(Stored data)
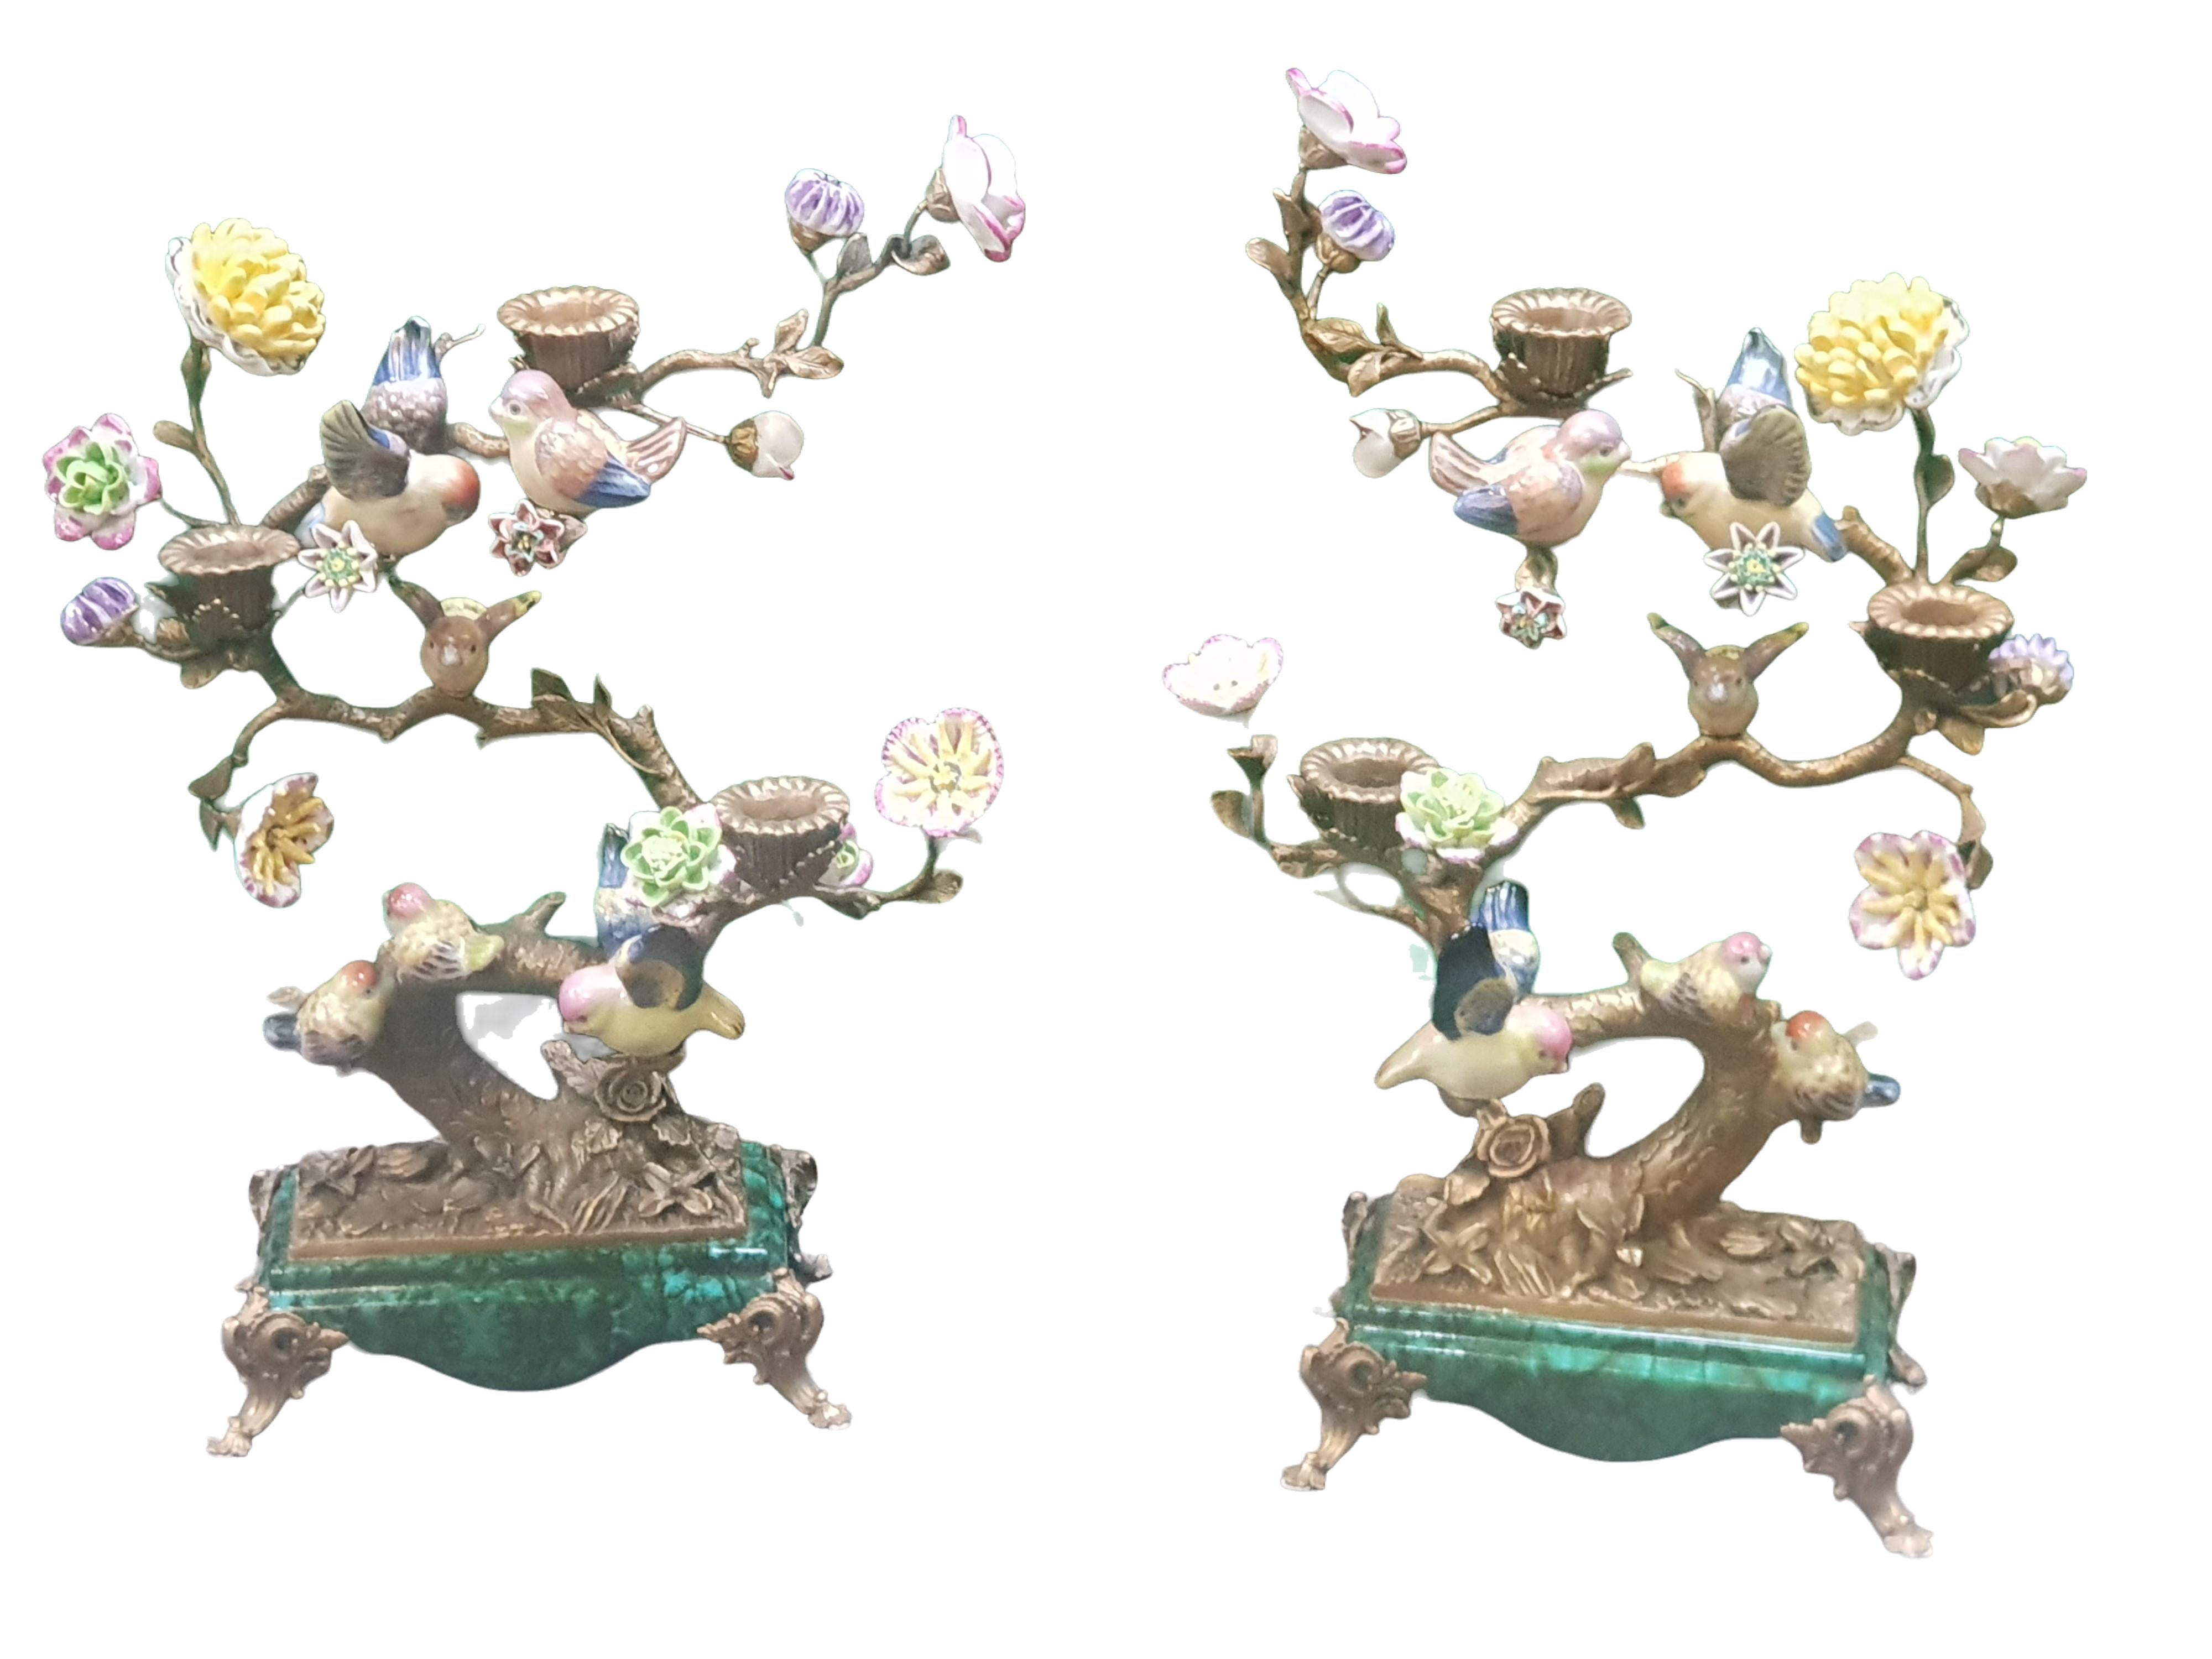 A Delightful Pair of Tree of Life Candelabras
Each Branch has Hand Painted Porcelain FLowers and Birds
Each candelabra is on a Faux Malachite Base.
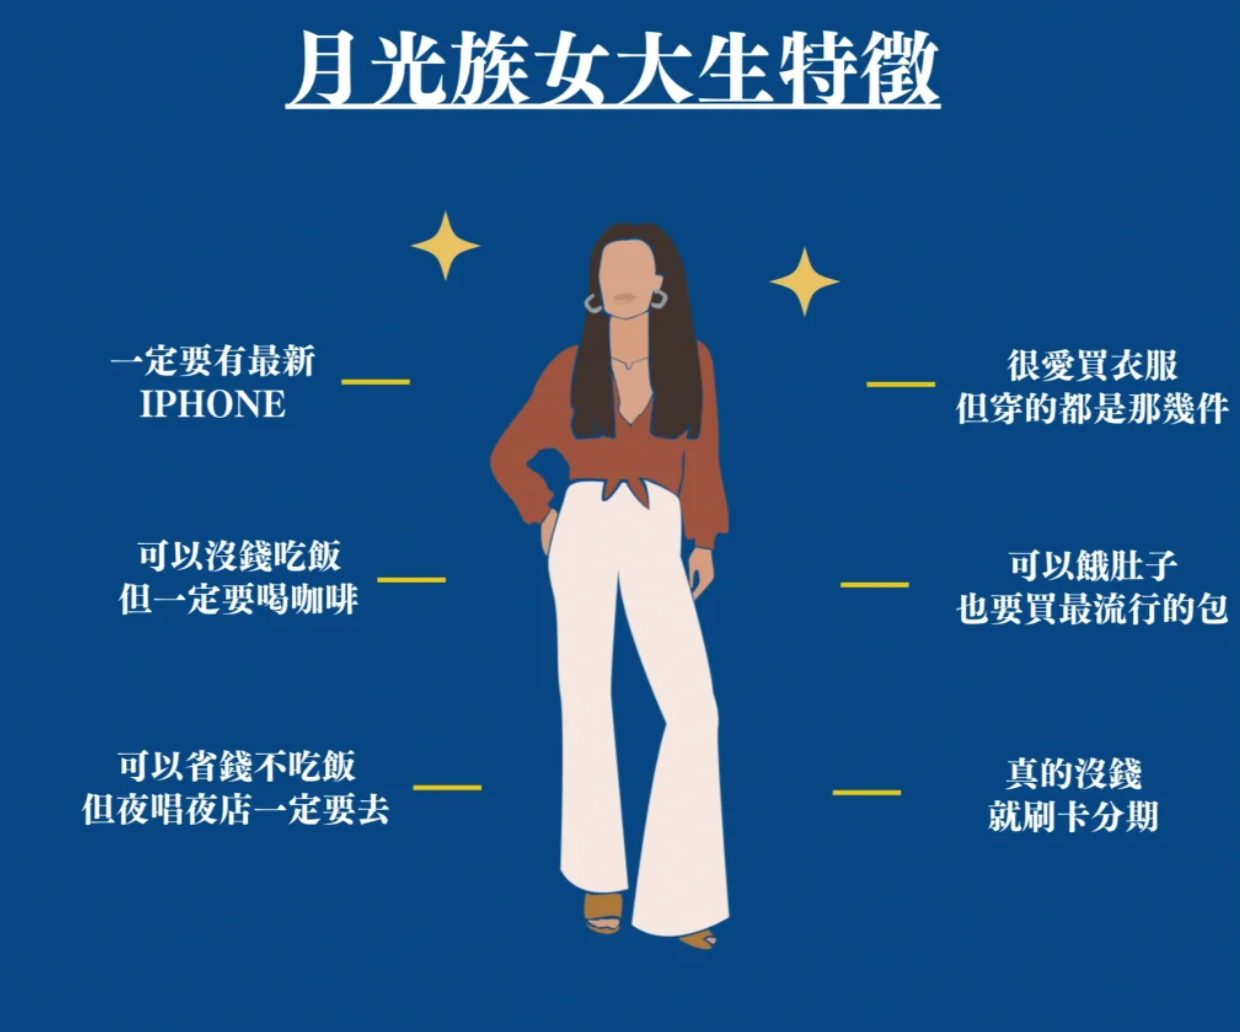 This Xiaohongshu post says "Characteristics of a moonlight clan girl: must have the latest iPhone, can eat without money but must drink coffee, can go hungry but still buy the most popular bag". Image: Xiaohongshu
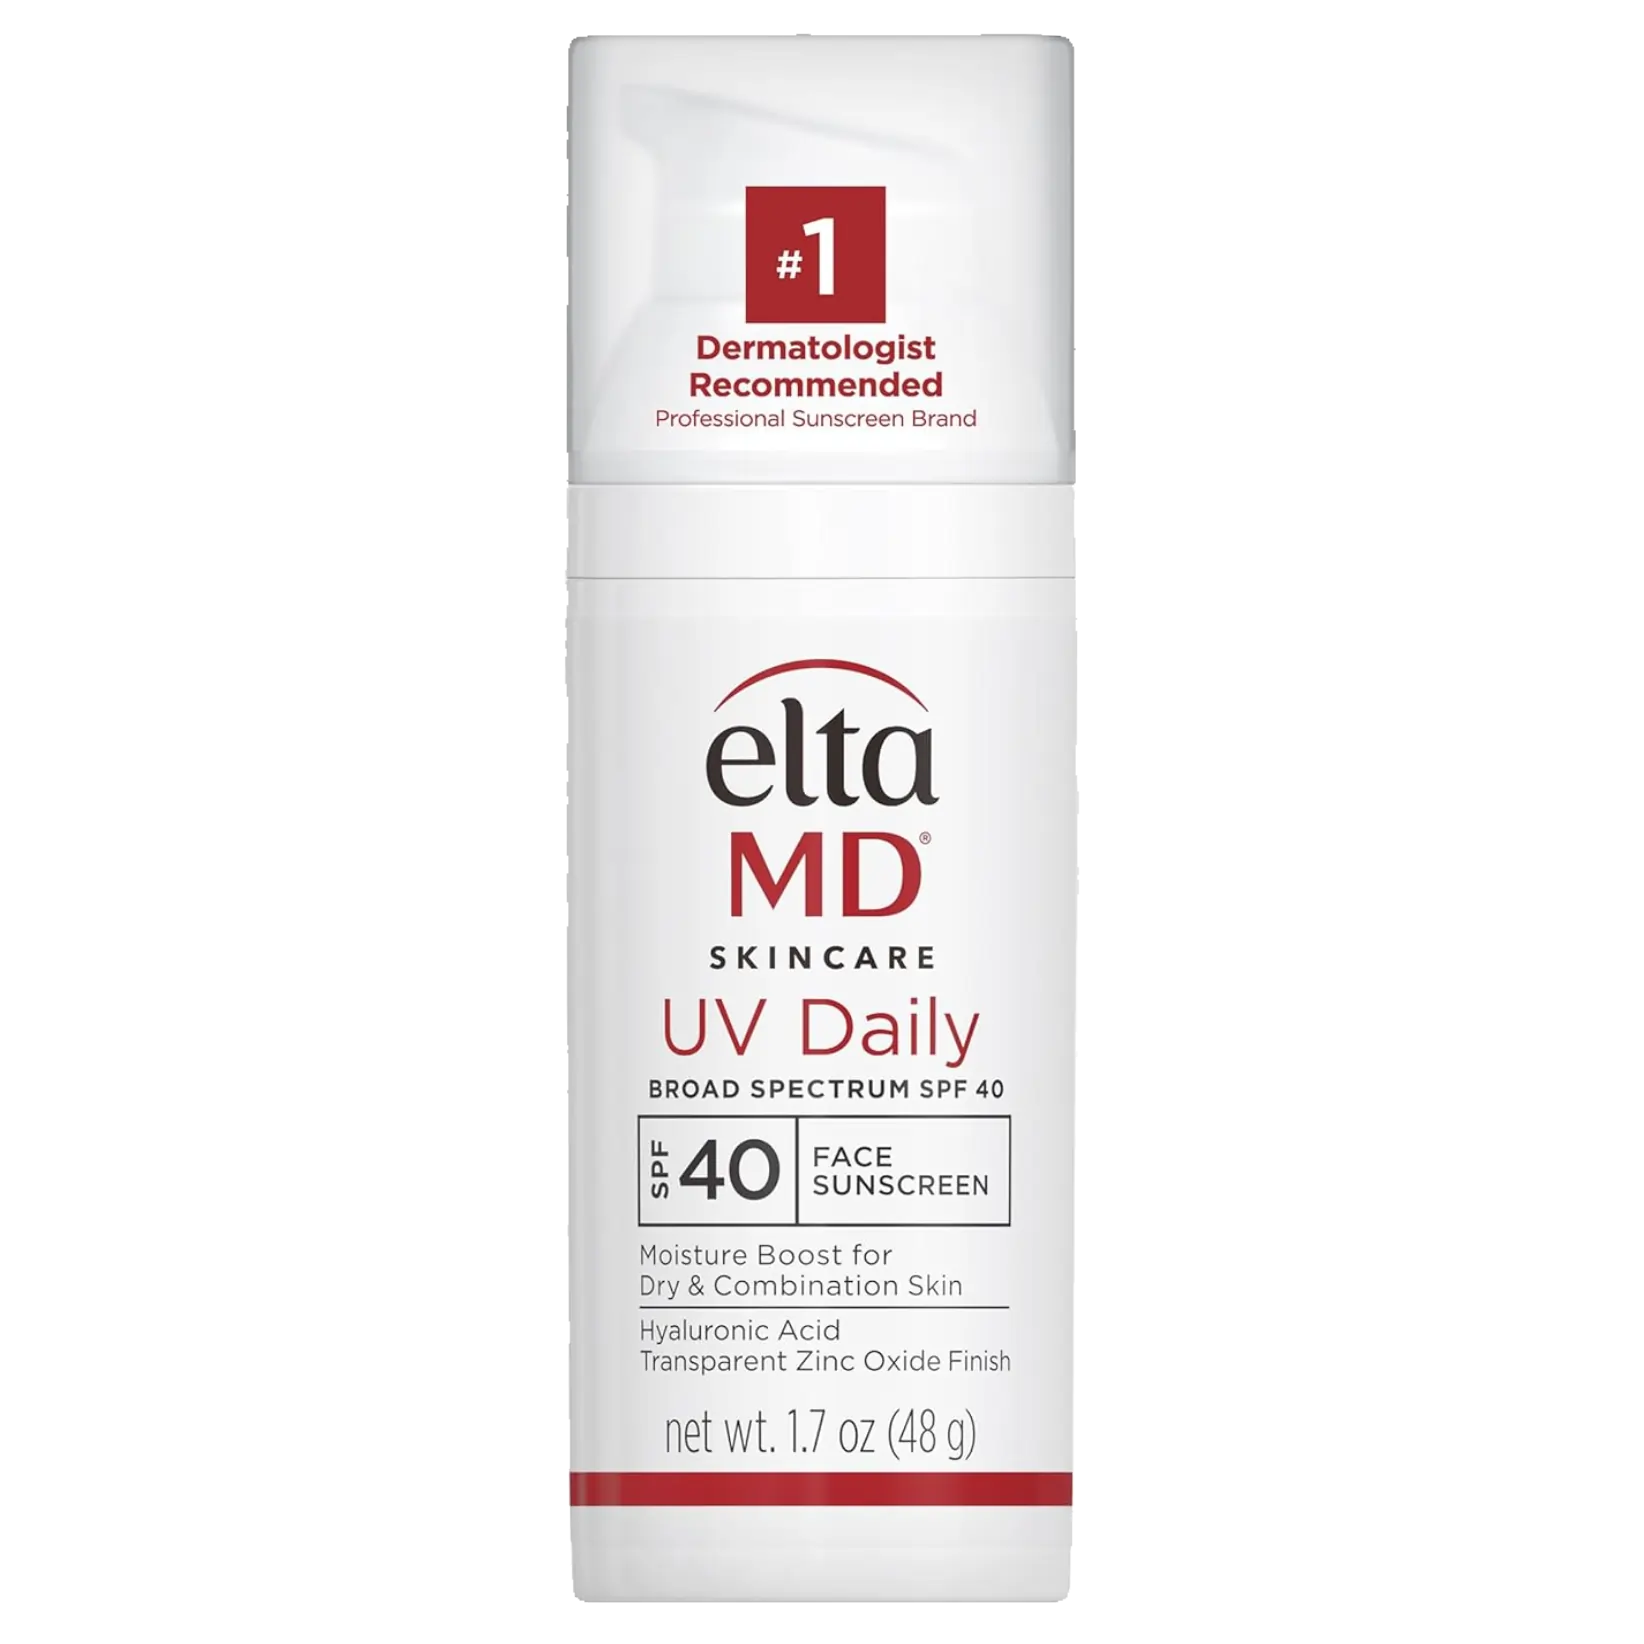 FEMMENORDIC's choice in the Elta MD UV Daily vs UV Clear sunscreen comparison, the Elta MD UV Daily Broad-Spectrum SPF 40

_Work task_
Without including any picture, set down every line above exactly as it stands.

_Response area_
 A Delightful Pair of Tree of Life Candelabras
Each Branch has Hand Painted Porcelain FLowers and Birds
Each candelabra is on a Faux Malachite Base.
 This Xiaohongshu post says "Characteristics of a moonlight clan girl: must have the latest iPhone, can eat without money but must drink coffee, can go hungry but still buy the most popular bag". Image: Xiaohongshu
 FEMMENORDIC's choice in the Elta MD UV Daily vs UV Clear sunscreen comparison, the Elta MD UV Daily Broad-Spectrum SPF 40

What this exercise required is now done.